Wind energy simulation program

QBlade is a public source, cross-platform simulation software for wind turbine blade design and aerodynamic simulation. It comes with a user-friendly graphical user interface (GUI) based on Qt.

==Overview==
QBlade is a public source wind turbine calculation software, distributed under the Academic Public License. The software is seamlessly integrated into XFOIL, an airfoil design and analysis tool. The purpose of this software is the design and aerodynamic simulation of wind turbine blades.
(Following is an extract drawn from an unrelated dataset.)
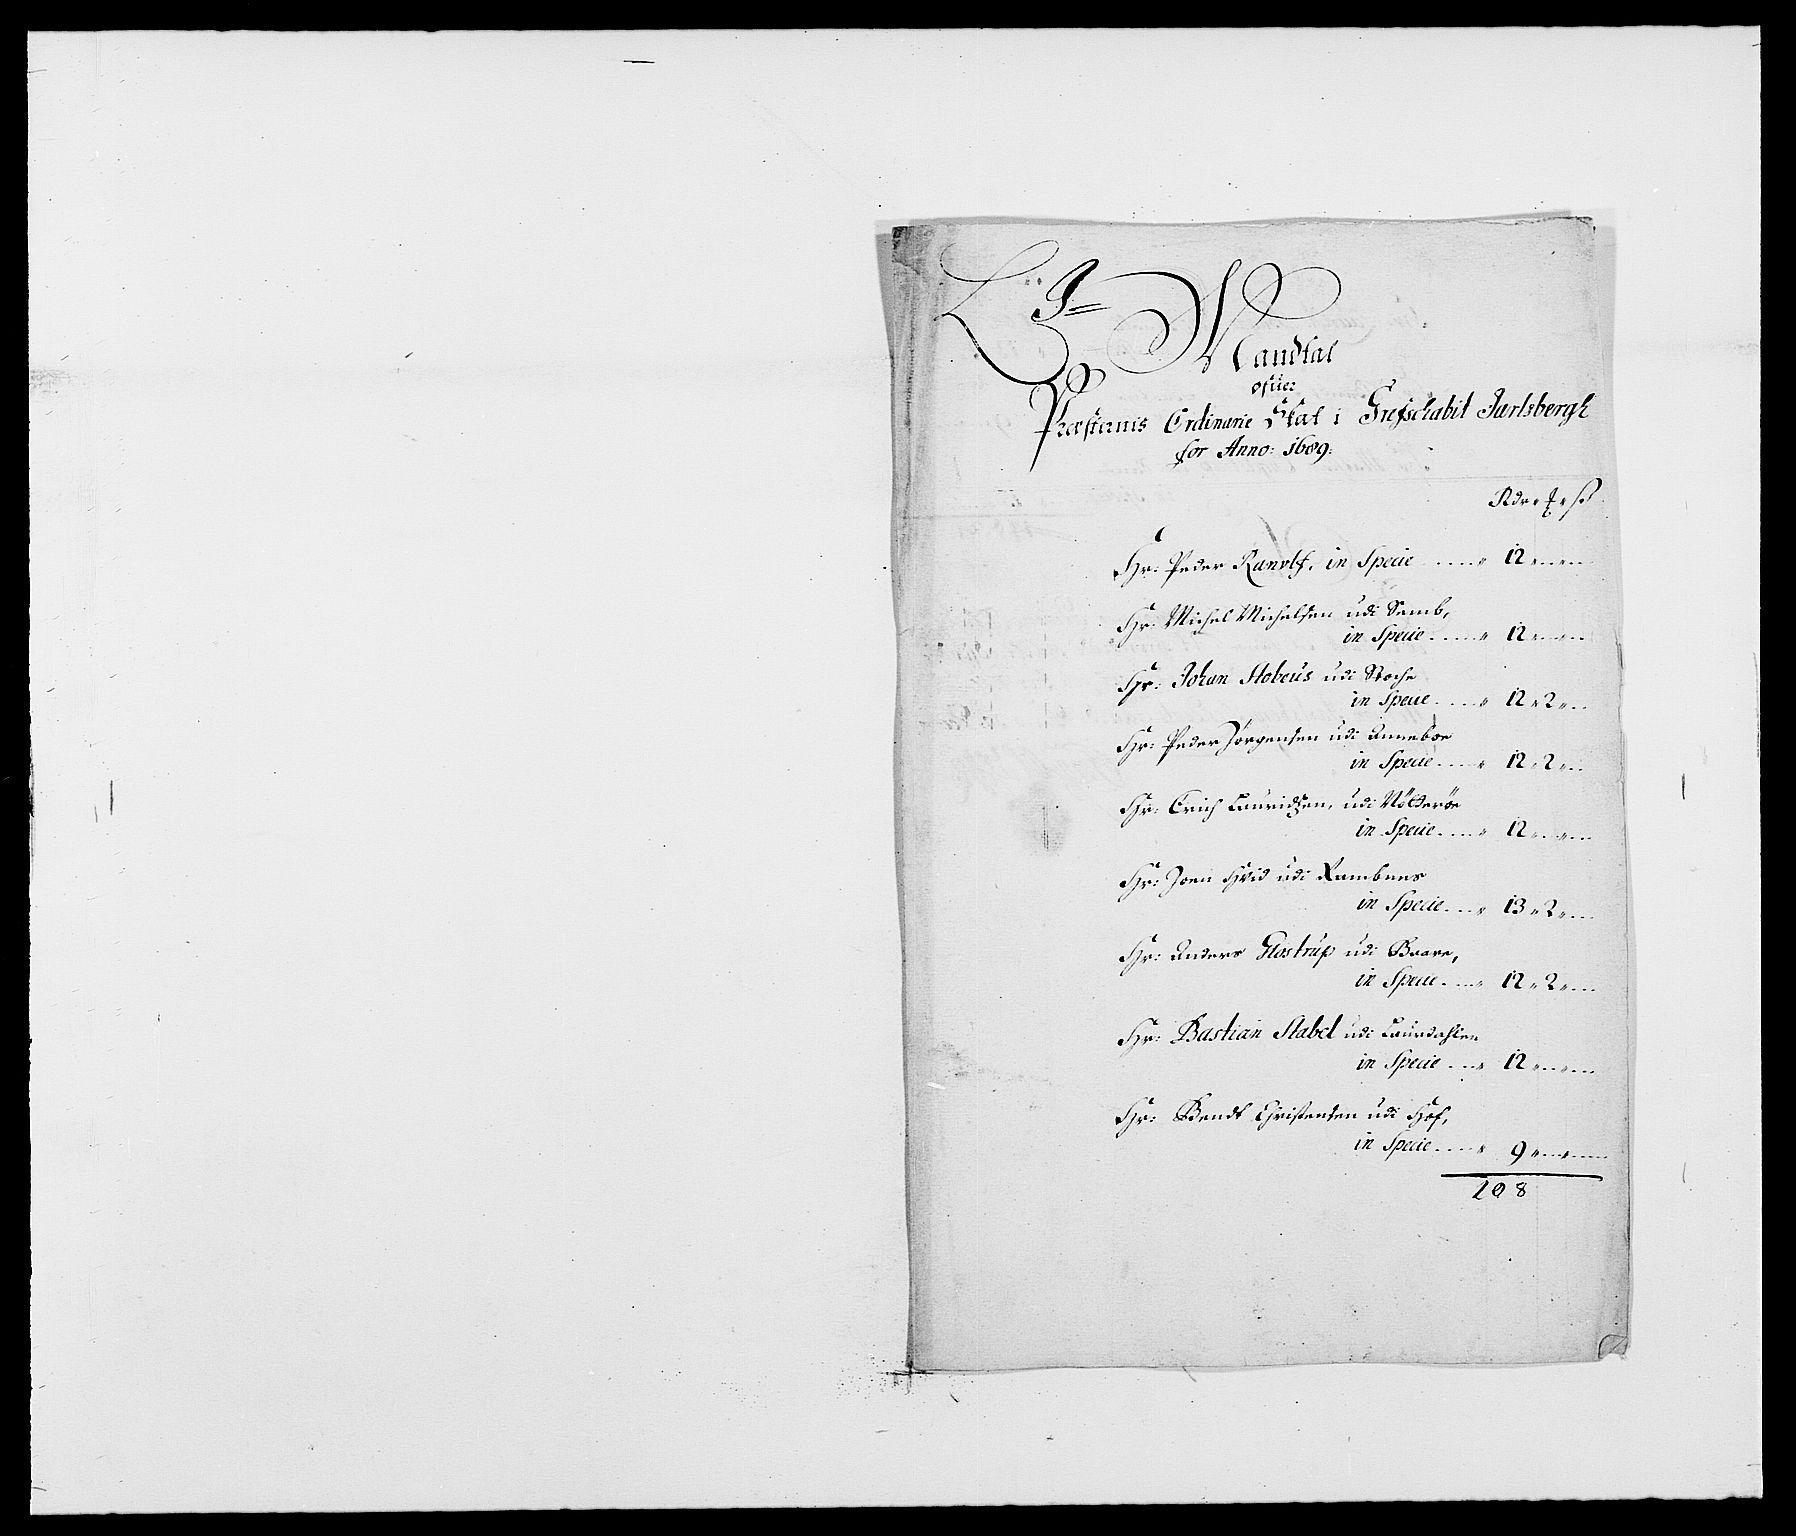 RA, Rentekammeret inntil 1814, Reviderte regnskaper, Fogderegnskap, R32/L1860: Fogderegnskap Jarlsberg grevskap, 1686-1690, s. 368

The integration in XFOIL allows for the user to rapidly design custom airfoils and compute their performance curves, Extrapolating the performance data to a range of 360°Angle of attack, and directly integrate them into a wind turbine rotor simulation. The graphical user interface, including a custom dynamic graph class for data visualizations makes this software accessible to a large potential user community.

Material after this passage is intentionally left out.